The Economic Survey 2025–26 is tabled in Parliament, outlining growth optimism alongside emerging global and domestic risks | Representational Image

India’s Economic Survey 2025–26, laid before Parliament yesterday, projects GDP growth of 6.8 to 7.2 per cent in FY27, keeping India among the fastest-growing major economies. However, it also comes with caveats—geopolitical tensions, trade fragmentation, rising protectionism, and rapid technological change that could upset India’s growth story by reshaping capital flows and supply chains. For India, this implies weaker external demand and unpredictable investment flows, even if domestic fundamentals remain strong. Volatility alone, the survey warns, could put downward pressure on the rupee.

AI disruption and external risks

One scenario looms particularly large: a low-probability but high-impact artificial intelligence shock—an AI-driven disruption severe enough to rival or surpass the 2008 financial crisis. The concern is not merely automation in factories, but the automation of cognitive work such as coding, data analysis, customer support and back-office functions. For India’s vast IT and BPO sector, this could translate into significant white-collar job losses unless reskilling and adaptation occur at scale. Other external risks are quieter but persistent. Trumpism, for instance, implies tighter immigration policies in advanced economies, which could reduce remittances, long a stabilising source of foreign exchange.

Fiscal populism and structural bottlenecks

At the same time, global financial tightening cycles could trigger sudden reversals in capital flows. On the home front, the survey is unusually candid about the rise in state-level fiscal populism, particularly cash-transfer schemes funded by expanding deficits. While politically popular, such measures risk increasing overall borrowing costs and weakening macroeconomic stability. The survey also acknowledges that manufacturing—where India aims to narrow the gap with China—faces structural bottlenecks. High energy prices, expensive freight and weak logistics create inverted cost structures that erode competitiveness. Without deep reforms in these areas, policy intent alone will not deliver results.

Human capital constraints

Human capital emerges as another key constraint. Skill mismatches persist across sectors, and women’s labour force participation remains low. Even public health enters the economic frame, with rising obesity levels and ‘digital addiction’ among the young flagged as long-term threats to productivity. The demographic dividend, the survey suggests, is not automatic; it must be actively engineered.

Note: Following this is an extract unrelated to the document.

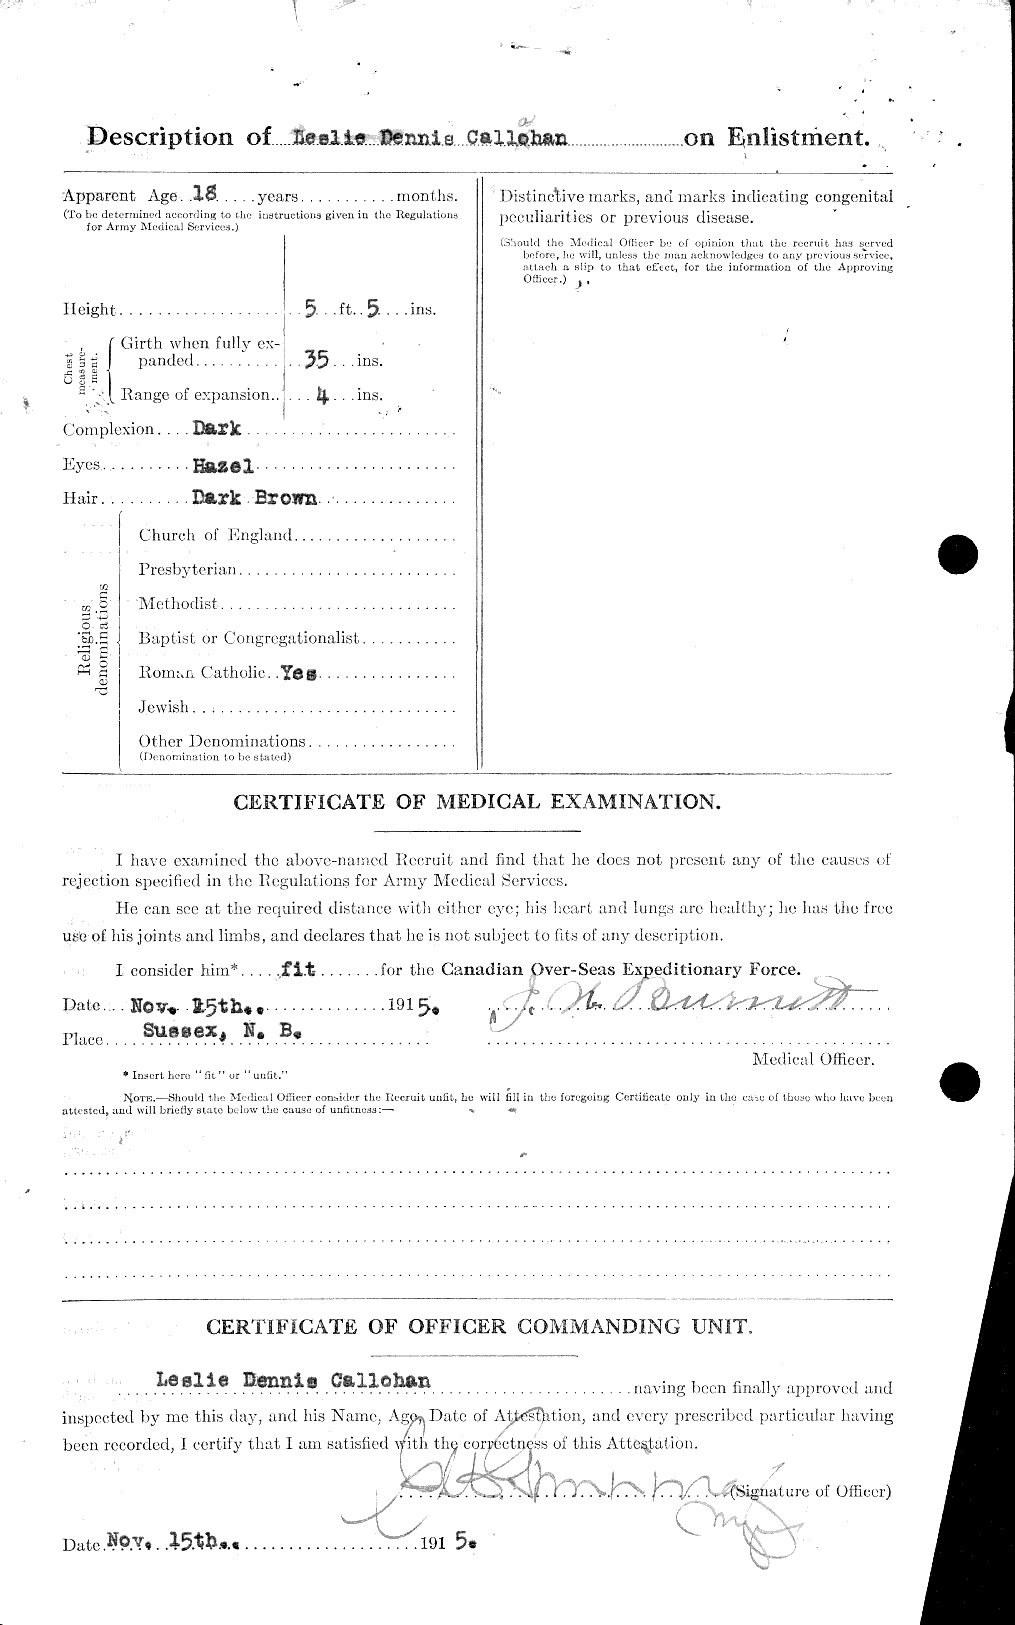 Dossiers du Personnel de la Première Guerre mondiale - CEC 000640b

The case for an entrepreneurial state

Perhaps the most consequential idea in the document is its call for an “entrepreneurial state”. This is not an argument for a larger government, but for a more capable one—able to coordinate across ministries, update regulations quickly and remove procedural choke points. Outdated regulations and governance practices, the survey warns, risk locking India into stagnation.

Climate challenge and execution focus

Climate action illustrates the dilemma. India’s green ambitions are genuine, but financing and technology flows from advanced economies remain inadequate. Without international support, decarbonisation becomes far more difficult to sustain, both politically and financially. Ultimately, the survey sketches an India that is strong but not invulnerable, ambitious but constrained, and poised yet unfinished. The underlying message is clear: future growth will no longer be driven primarily by momentum or narrative, but by disciplined fiscal management, credible regulation, steady reform and relentless attention to execution.